The critical value at α = 0.05, i.e. 95 % confidence level for all three test is shown in the table (Table 3, 4). This value decides which distribution is to be rejected from the study. We see that all the distributions are accepted with no rejection statistically. The other fact that is brought out is the significance of the distribution. Ranking is given on the difference between statistic value and the critical value. Lognormal (3P) is given ranking 1 in case of Haridwar data and Gumbel is given ranking 1 in case of Garhmukteshwar data. The sample size in terms of number of years is high for Haridwar i.e. 87 (1885–1971) and low for Garhmukteshwar, i.e. 42 (1971–2013). The present study is corroborated by the previous similar studies on latest data done by Kumar et al. (2003) where GEV (L moments method) was found to be robust for Middle Ganga subzone (1f) and Singo et al., where Gumbel distribution and Log Pearson 3 gave good results for steep Luvuhu river catchment. Haridwar is analogous to Luvuhu as it lies in foothills and Garhmukteshwar is very close to Middle Ganga subzone (1f).

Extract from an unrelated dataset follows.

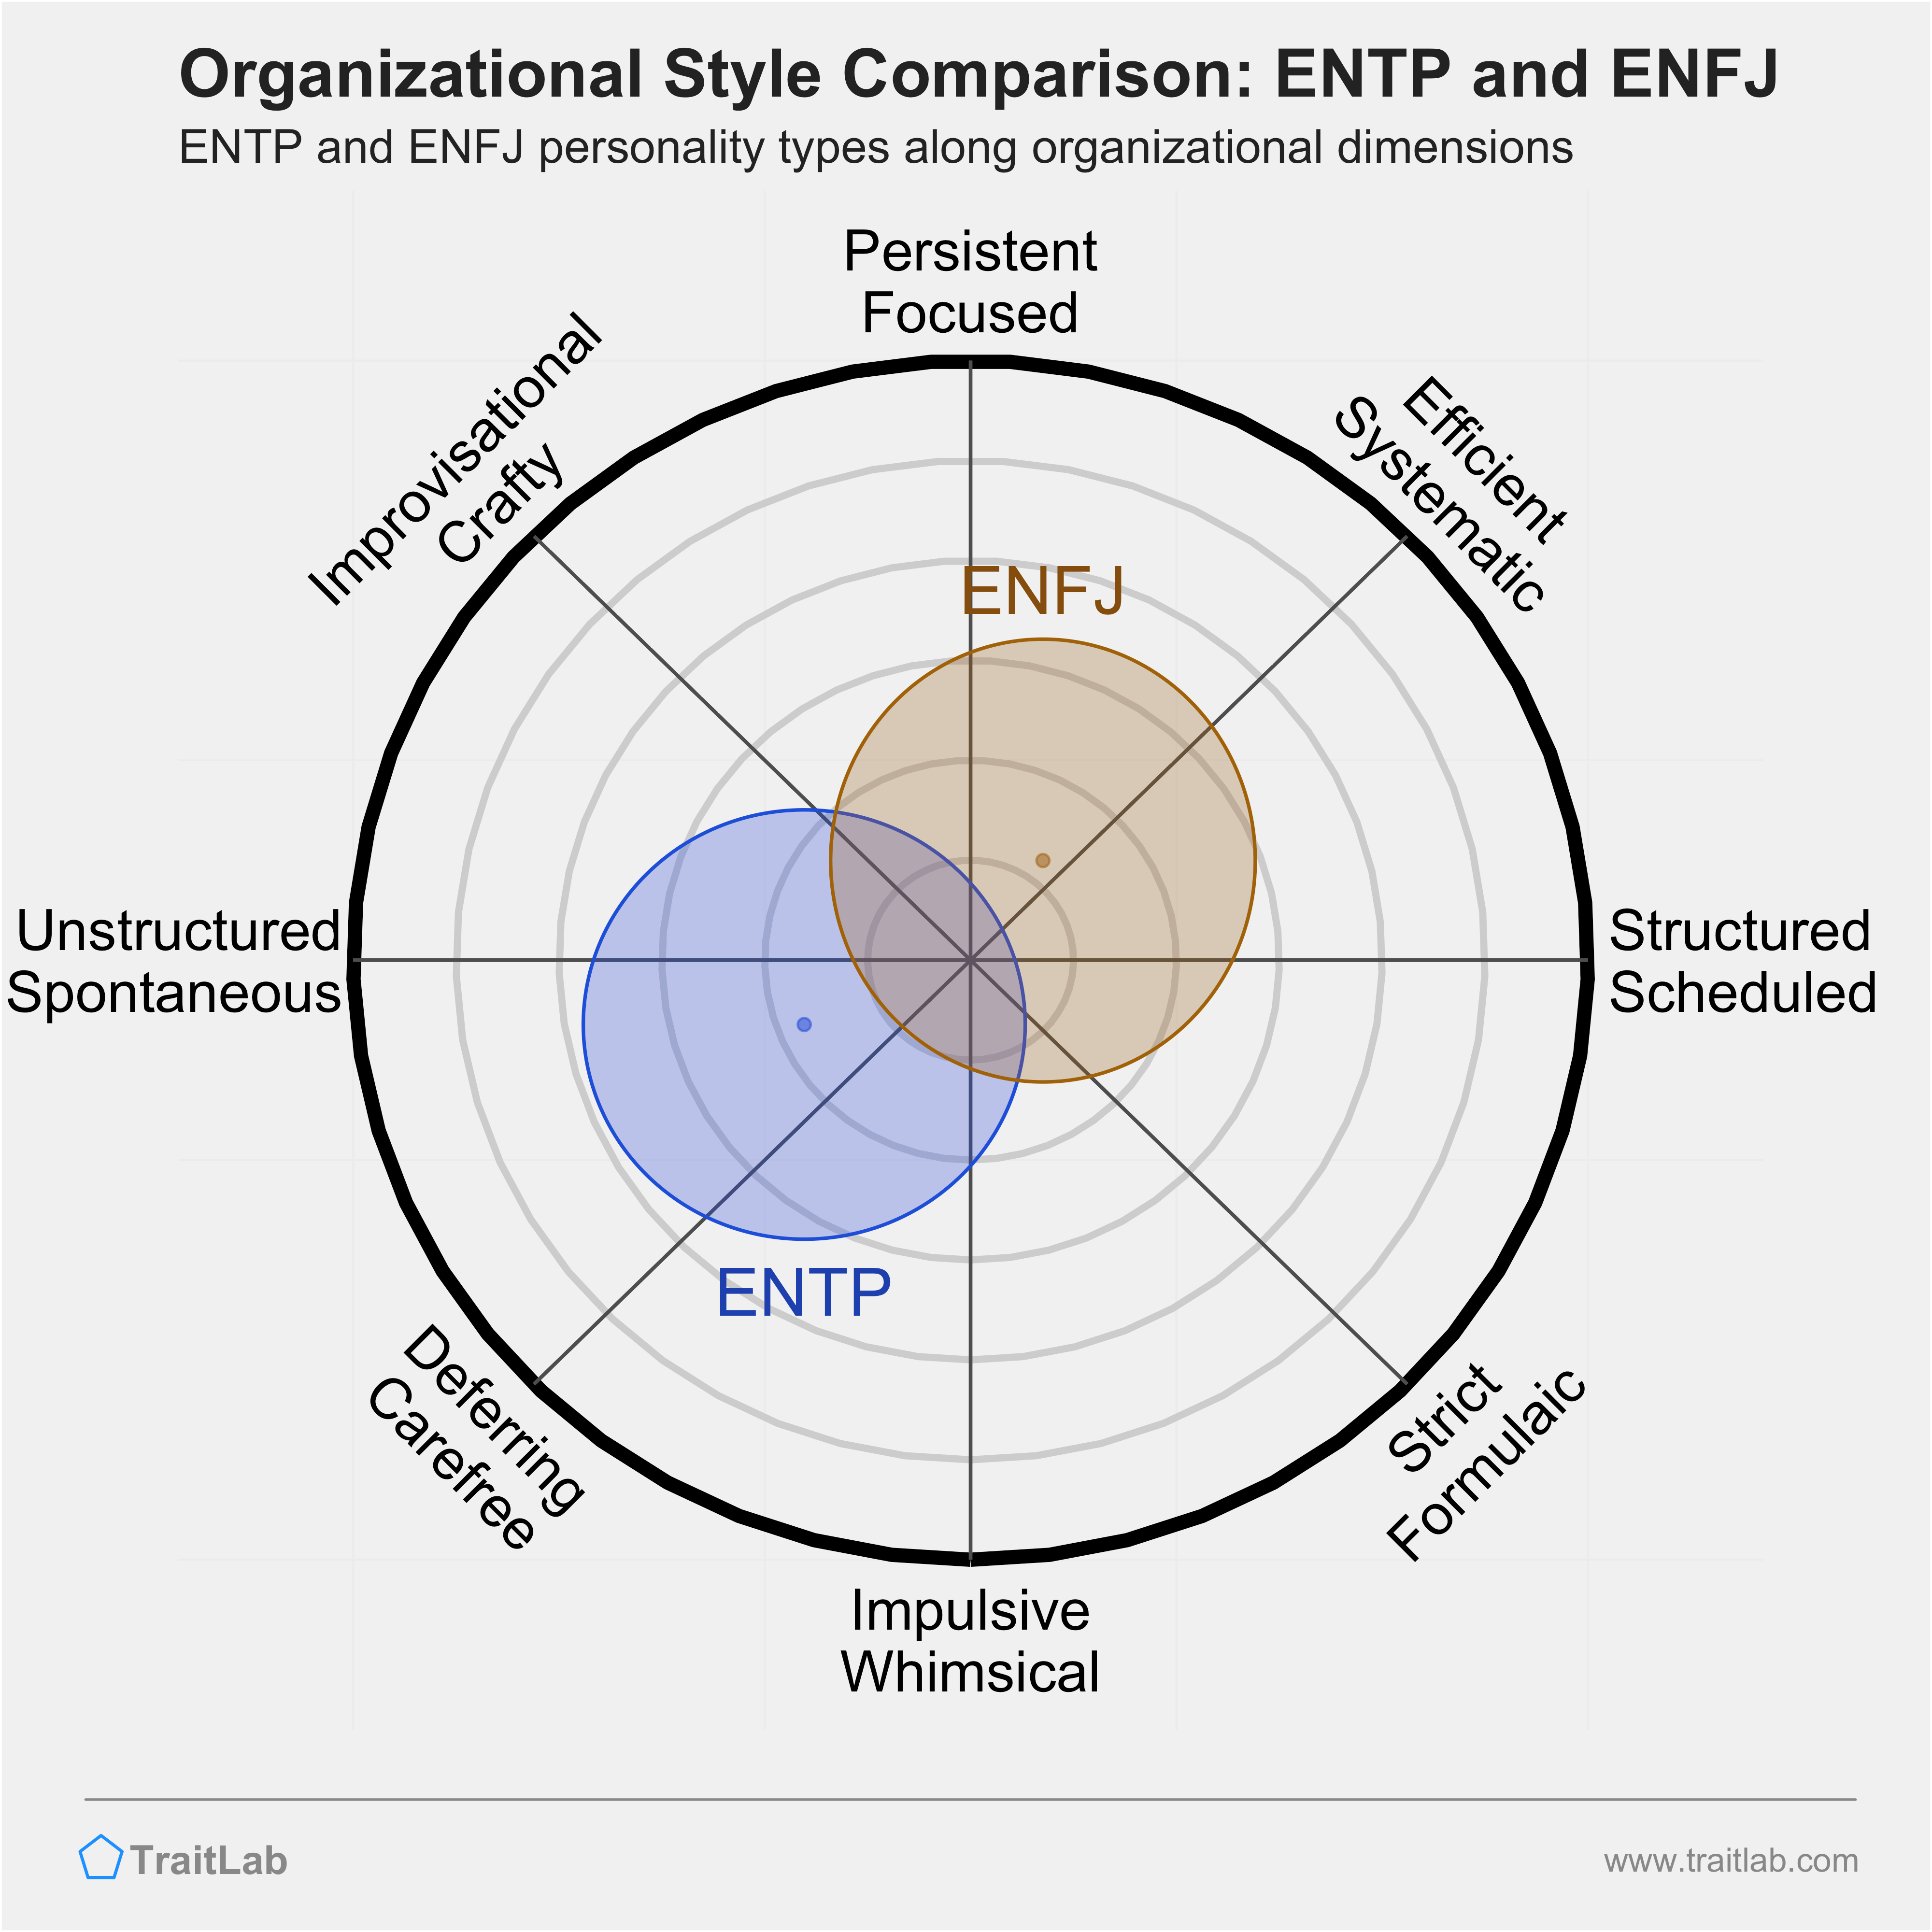 ENTP and ENFJ comparison across organizational dimensions

So we can conclude that Gumbel is good for low sample size and Lognormal (3P) gives good result for large sample size (Table 4). Log Pearson III is placed at poor ranking in Garhmukteshwar data which supports the fact that Log Pearson III is not good for small sample size, and Gumbel is better than this. Now, the question arises, why discharge is less at Garhmukteshwar, though it is downstream of Haridwar and theoretically the discharge increases downstream. The answer can be easily given from the fact that there is significant withdrawal of river water via canal at Bijnor barrage which lies in between Haridwar and Garhmukteshwar. Bijnor barrage is also known as Madhya Ganga canal project which started in 1976. Also there are no perennial tributaries which come and join in between. So, naturally the discharge level goes down at Garhmukteshwar, which has discharge data after 1970. This underlines the methodological limitations of statistical distributions which primarily rely on the fact that the flow in a river is not altered through unnatural ways and the data availability is continuous and of long duration at every station along the river. Ironically, such conditions are hard to find for any river and field data availability is also scarce for such rivers due to the legal and technical issues involved.

Conclusion

The present study has been done on the data available for Upper Ganga region, and is important because of dearth of data availability, for the Ganga River. The floodplain of Ganga River is facing danger of encroachment by illegal construction. The future scope of the present work is that the values of return period flood can be used to construct the flood hazard zones and define the river space. This river space is to be preserved for the sake of ecology, riparian vegetation and nutrient recycling during floods. It signifies the horizontal connectivity in a fluvial system.

The statistical approaches have been used widely to fit the data and predict the values for return period by many authors. The study has shown that the recent technique of GEV distribution that uses L-Moments does not fits well with the discharge data of Ganga in Haridwar for long term data but Log normal (3P) fits and prove more reliable for flood frequency analysis. Goodness of fit tests validated that Gumbel EV1 distribution stand high in ranking for short term data of Garhmukteshwar at 145 km downstream. The comparison of return period discharge further proves that Log normal (3P) gives more practical result if we have more historical data, with values neither overshooting nor undershooting.